Camila Cândido Rocha

Finalizada em meados de 1891 e recebida com o furor moralista da sociedade

vitoriana, Salomé desponta como mais uma adaptação da história bíblica manifesta

em arte no século XIX. Segundo Barbudo (2000, p.11) Neste período, Flaubert

escrevera Sallambô (1862) e Herodias (1877), Mallarmé publicaria Herodiade,

Gustave Moreau tornara-se famoso pelo cunho místico e erótico conferido à Salomé

em seus trabalhos, e um de seus quadros Salomé dansant inspira nomeadamente

Huysmans que realiza uma longa descrição da obra em seu romance À Rebours,

hoje conhecido como a “bíblia do decadentismo”

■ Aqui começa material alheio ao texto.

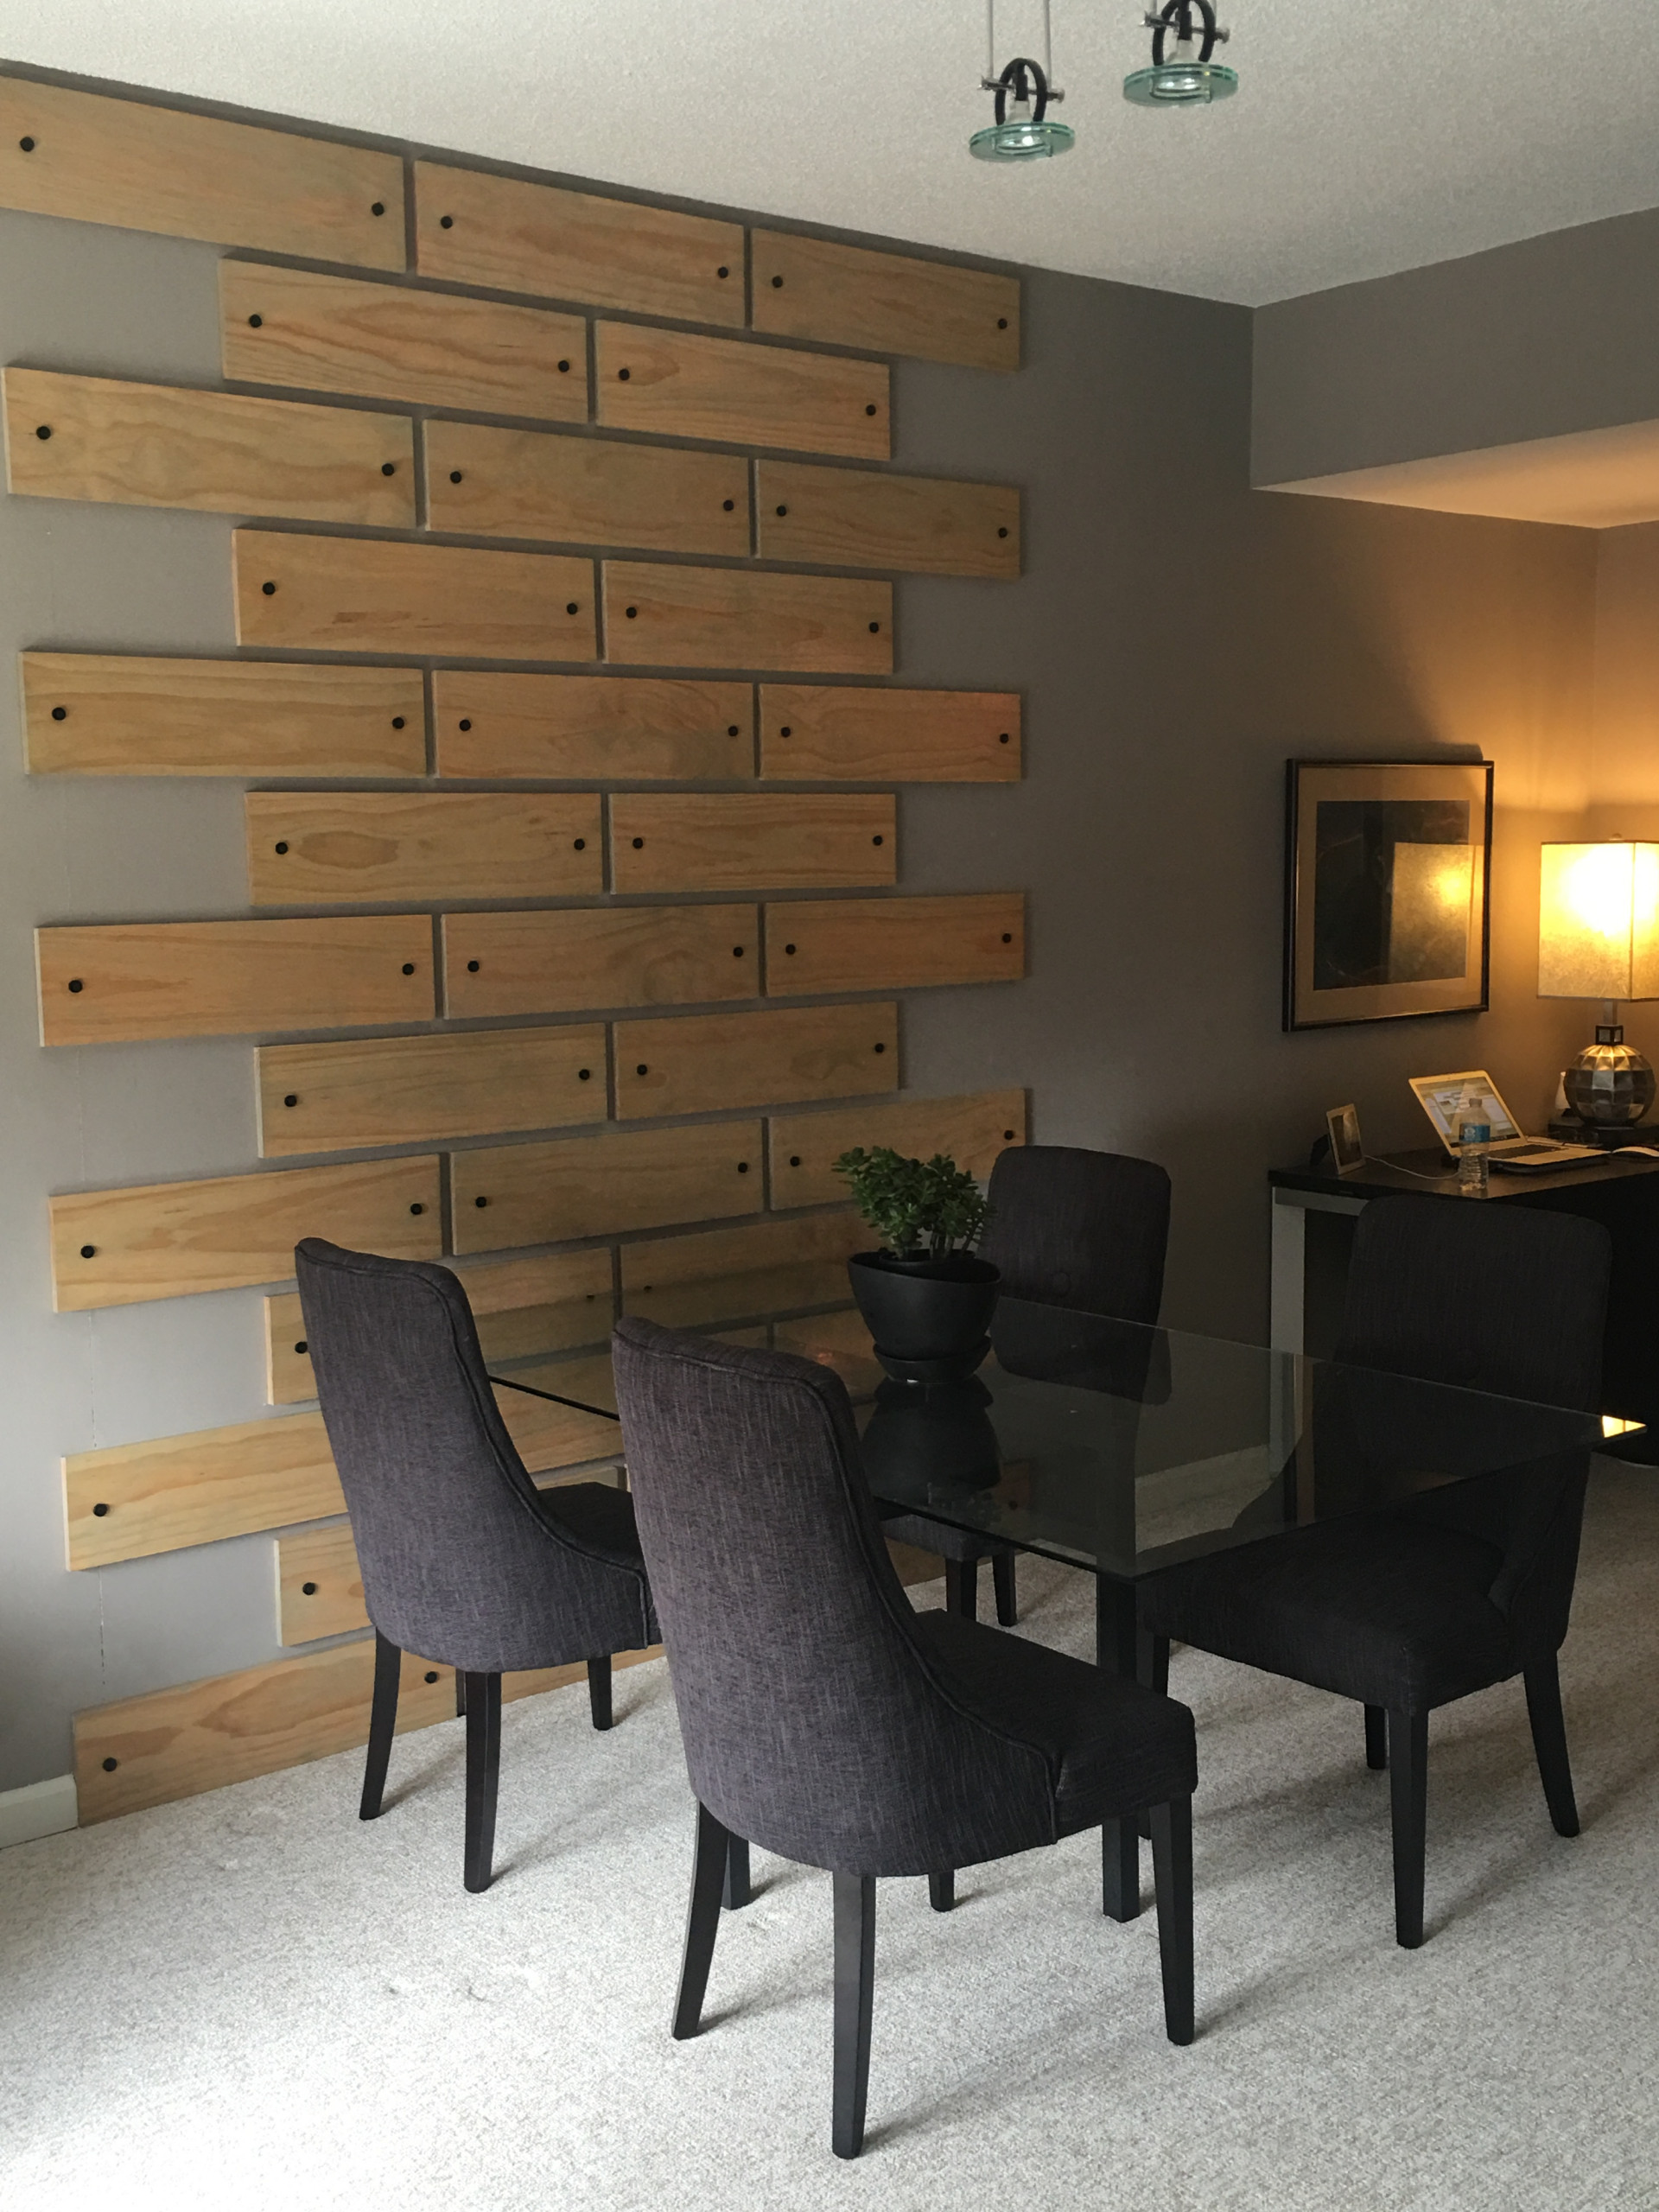 Accent wall in a high rise condo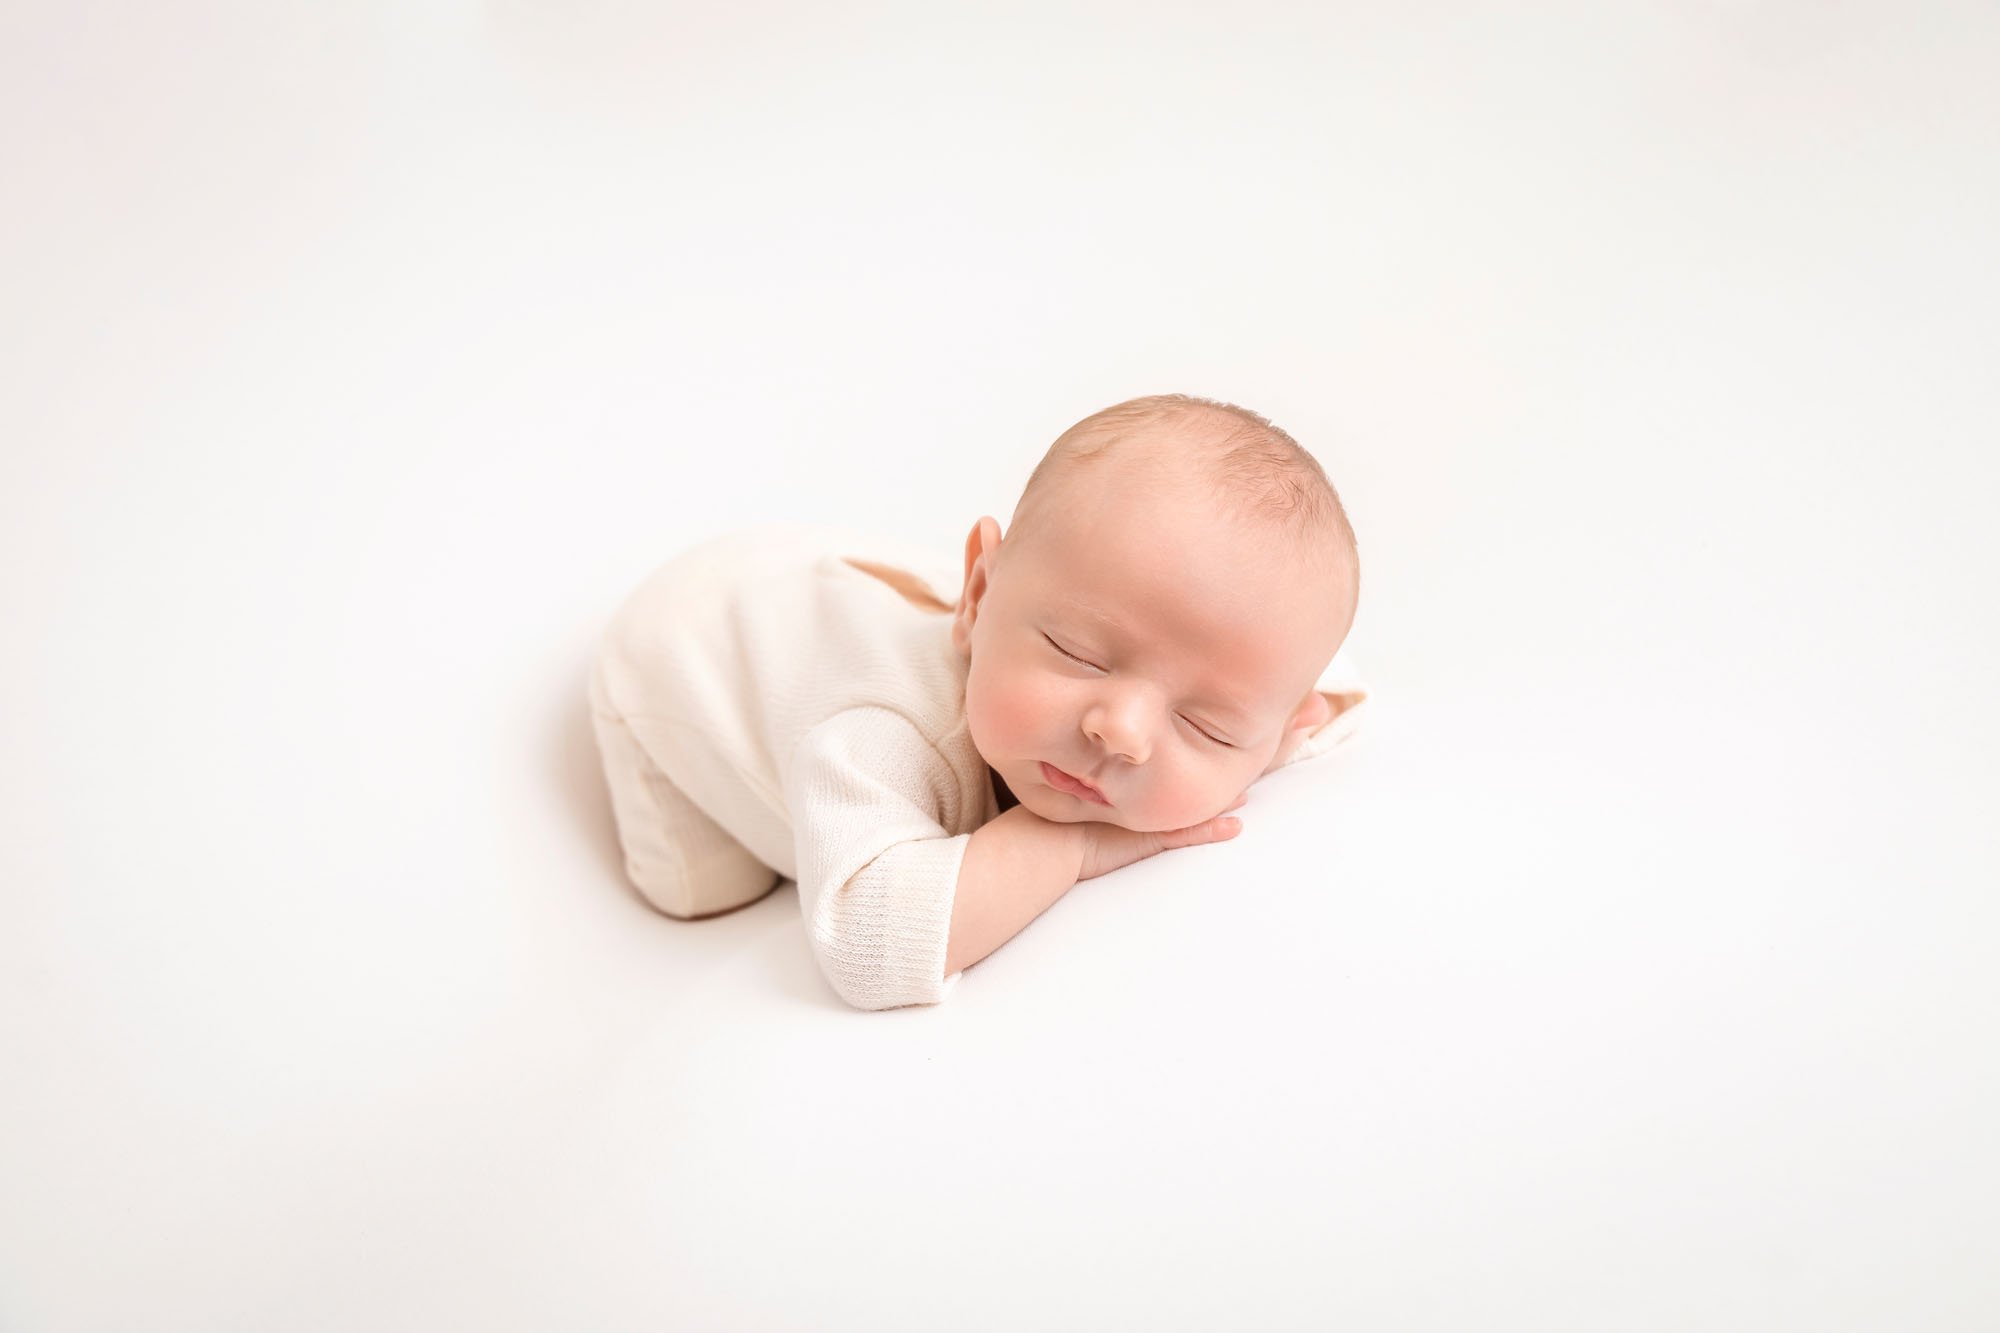 Newborn-photography-in-leeds-baby-on-white-front-facing.jpg

Há neste período portanto, um interesse nesta figura que não espelha-se no

ideal feminino do fim de século, mas que na contracorrente do imaginário

aristocrático e burguês se apresenta como um ser dotado de ambições,

contradições, e principalmente, de erotismo. Uma espécie de “musa do

decadentismo”

É a partir da repulsa de uma sociedade que vê-se escandalizada diante de

uma personagem que faz uso de seus atributos físicos para atingir aquilo que deseja

que o leitor obtém confirmação de uma hipótese que se faz presente ao decorrer da

peça: Wilde através de Salomé atinge o objetivo de criar uma personagem que

encarna ao mesmo tempo a sensualidade da mulher que tratada como um objeto,

transforma-se em um para obter aquilo que deseja, ao mesmo tempo em que

mantém em delicada tensão, a aparência e os hábitos “mimados” de uma casta

virgem imaculada. Salomé encarna a ideia de atração e repulsa à medida em que se

afasta da etiqueta vitoriana


Mas como é composto o tom erótico em Salomé?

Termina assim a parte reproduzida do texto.